"Hush, my dear; what a terribly sweeping assertion! Gertrude is an undemonstrative woman, one cannot tell how deeply she feels."

"And Harry is a demonstrative man, and ought to have a wife who understands and makes much of him, instead of one who frets and teases him from morning to night. It is no good talking to me," continued Cathy, with a burst of vindictiveness rather surprising from its suddenness, "I detest that woman, with her slim figure and dark eyes, and little would-be elegancies. She to be Harry's wife and the mother of Nan! Why I would not trust a pet dog to her tender mercies and small tempers."

"Cathy, all this is highly unnecessary," remonstrated her sister in a pained tone. Her face looked a little paler and sadder as she went back into the house after uttering her little protest. A child's white woollen glove lay on the carpet beside a stray sunbeam. Queenie, following her, saw as she stooped to pick it up that she touched it lightly with her lips before laying it aside in her work-basket.

The next day was warm and bright, "regular Queen's weather," as Cathy chose to call it; and at the time appointed a merry little party assembled at the door of the Deer-hound, and filled the two little waggonettes.

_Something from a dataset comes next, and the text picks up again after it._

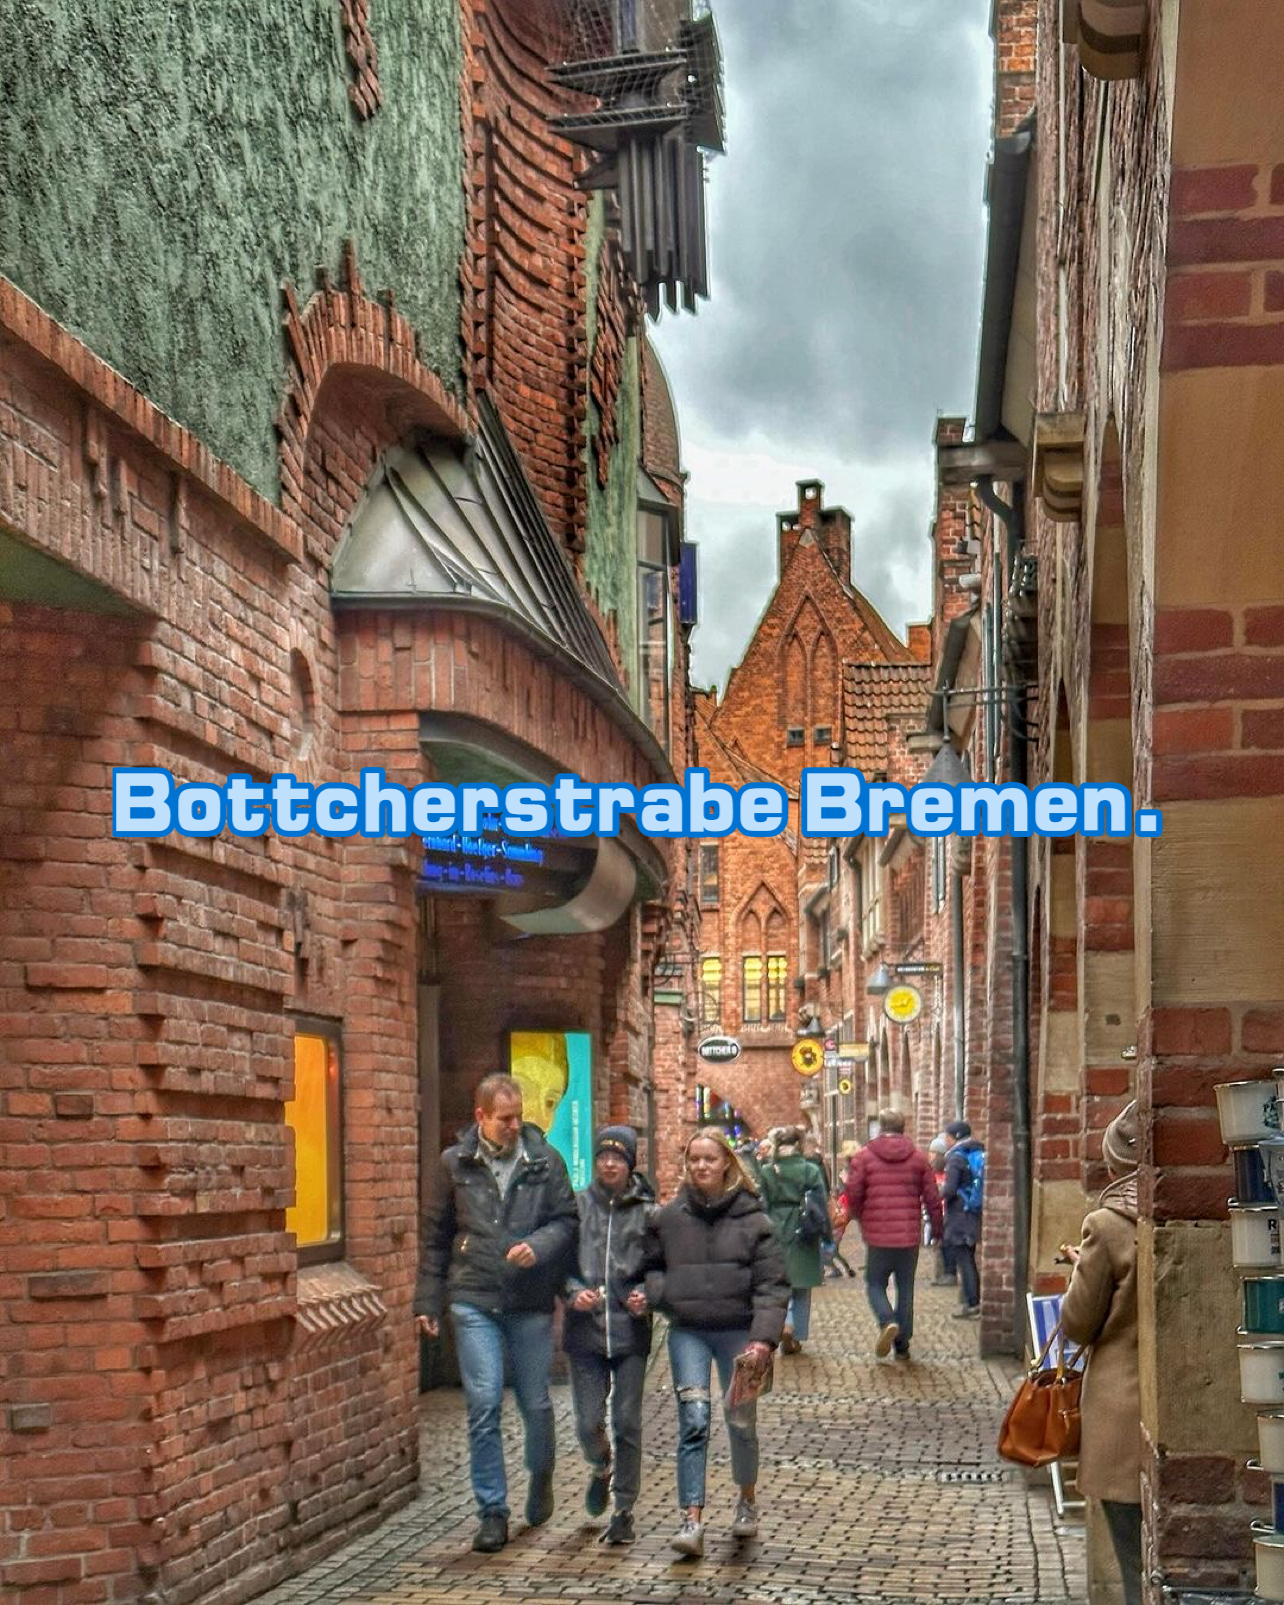 Bottcherstrabe Bremen.

Garth had gone over to the Quarry, and left his brother as his deputy, and a playful dispute ensued between him and Captain Fawcett concerning the selection of the occupants of each waggonette. "The difficulty of suiting folk was truly awful," as Ted expressed it feelingly.

Captain Fawcett had secured Langley and Miss Faith Palmer, and his wife and Miss Cosie had tucked in Emmie between them, just as Ted had slyly beckoned to the girls to favor him.

Mr. Logan and Mr. Chester had followed, and Nan was carefully lifted in and placed beside her father.

"Do you mean to say that mite of a child is going with us to the Quarry?" interposed Mrs. Fawcett, in genuine dismay. "What can her mother be thinking about?"

"Hush! her father takes her everywhere with him," replied Langley softly; "she is out with him all day on the farm; she is never tired. I know he has often carried her for miles, or walked beside her pony."

"Dear, dear! what a mistake," ejaculated Miss Cosie, straightening her brown "ugly," in the depths of which the gentle little mouse face was almost buried from view, and trying to pat the big curls. "A child of that tender age ought to be with her mother. It reminds one of the child in Kings—or was it in Samuel?—who got sunstroke, or something of the kind, and cried, 'My head, my head,' and they carried him to his mother. Think if something of that kind happened to that dear child! her father would never forgive himself; but there, there, he does it for the best, poor dear."